Ясные люди в свой ранний ликующий час
В мир устремляли захват дальномечущих глаз.
Зеркалом им, чтоб смотреться, была лишь вода,
Битвы, охота, погоня, любовь и беда.
В верном ударе себя узнавали в другом.
Песню пропели начальную – вслушавшись в гром.
Перья сороки втыкали в полетность волос.
Знали ударность зачатых и грянувших гроз.
Знали, что в сердце есть кровь и звериный размах.
В барсовой шкуре замкнули и смелость, и страх.
Долгий предполдень стал полднем, а полдень узлом.
Молнии были. И день наклонился в излом.
Синие сумерки свеяли тайну тоски.
Ставшие близкими стали глядеться в зрачки.
Ранние люди узнали и вечер, и ночь.
Новый был день, хоть такой, не такой же точь в точь.
Каждый, узнав, что от каждого ткется двойник,
Быть захотел в отрешенном, впивая свой лик.
Зыбкие воды неверны, дрожит бирюза.
Тверже металл, чтоб глазами впиваться в глаза.
Гладкая бронза – оконце мгновенных теней.
Двойственность – бездна, и сердце купается в ней.
Дрогнули дали, в объеме уменьшился мир.
Зеркало мучит.
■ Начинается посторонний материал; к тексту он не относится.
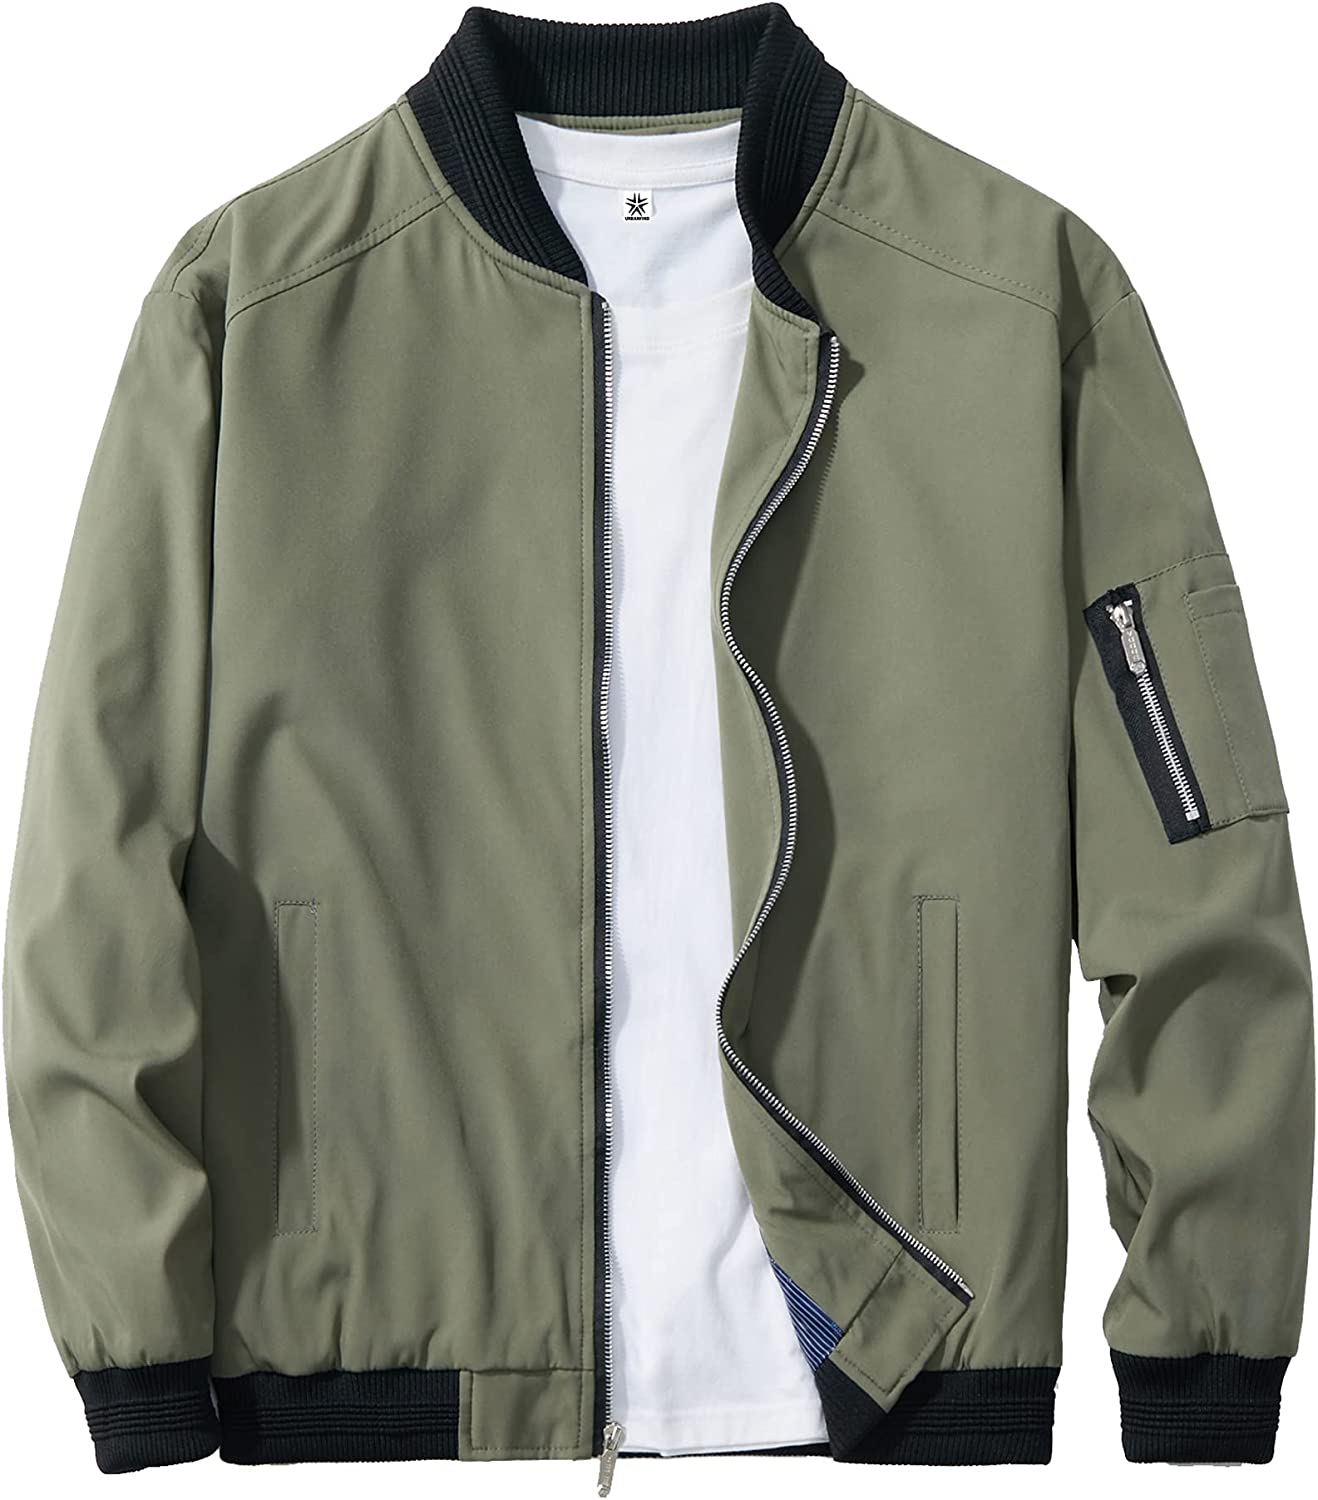 URBANFIND Men's Slim Fit Lightweight Sportswear Jacket Casual Bomber Jacket  at  Men’s Clothing store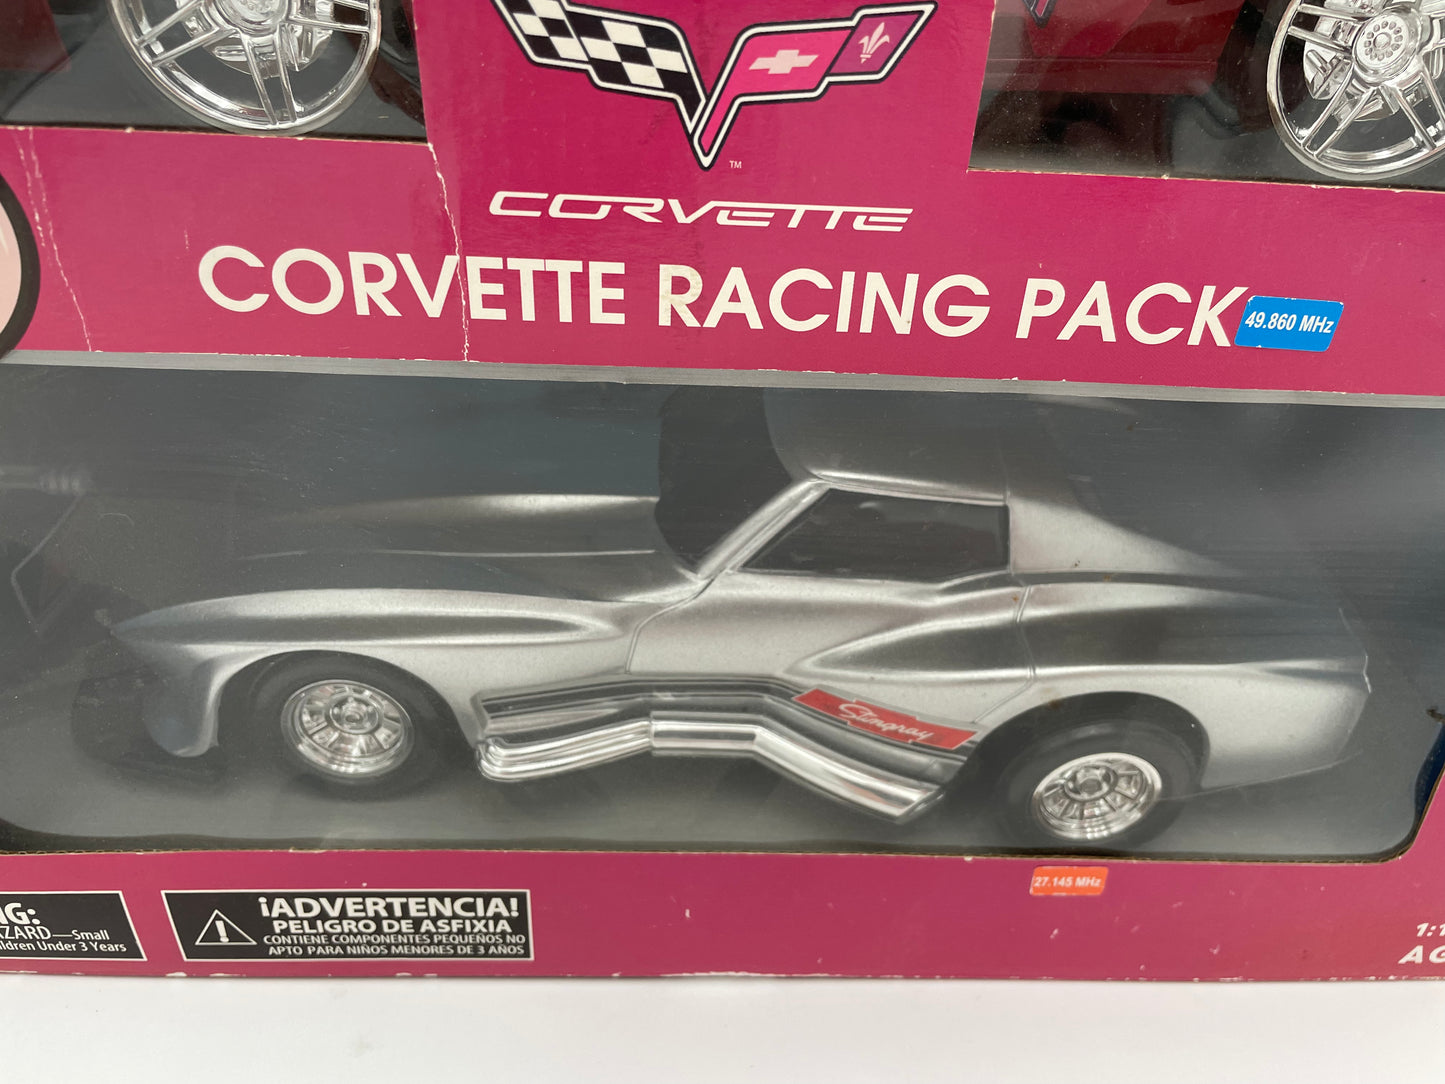 Radio Shack - Corvette Racing Pack - 1:15 Scale - 1990s? #102706

Двойник – или первый – вампир?
Хочется разуму четкой упиться игрой.
Призрак металла явил чаровнический слой.
Вот серебро от Луны, вот текучая ртуть.
Ясный хрусталь одевается в глуби и жуть.
Вечно-ли в мир истекать, растекаться в степи?
Строит пчела. Человек, свой полет закрепи.
Комната с комнатой в комнате, комнаты вряд.
Балки распятые. Длинные свечи горят.
Стены, подвалы, и стены, и двери, и дом.
Зимние ночи, и сказкою кажется гром.
Долгие, тесные, темные ночи и дни.
Кажется сердцу, так было всегда, искони.
Только душе колдовская возможность одна –
Жуткий колодец, в котором живет глубина.
Льдяный ответный затон с отраженьями свеч,
Зеркало к сердцу стремит безглагольную речь.
В полночь покажет Луну и калитку, и сад.
Радость свиданья. Иди, без оглядки, назад.
Видишь, как кто-то склонился к тебе чрез плечо.
Слышишь, как кто-то целует тебя горячо.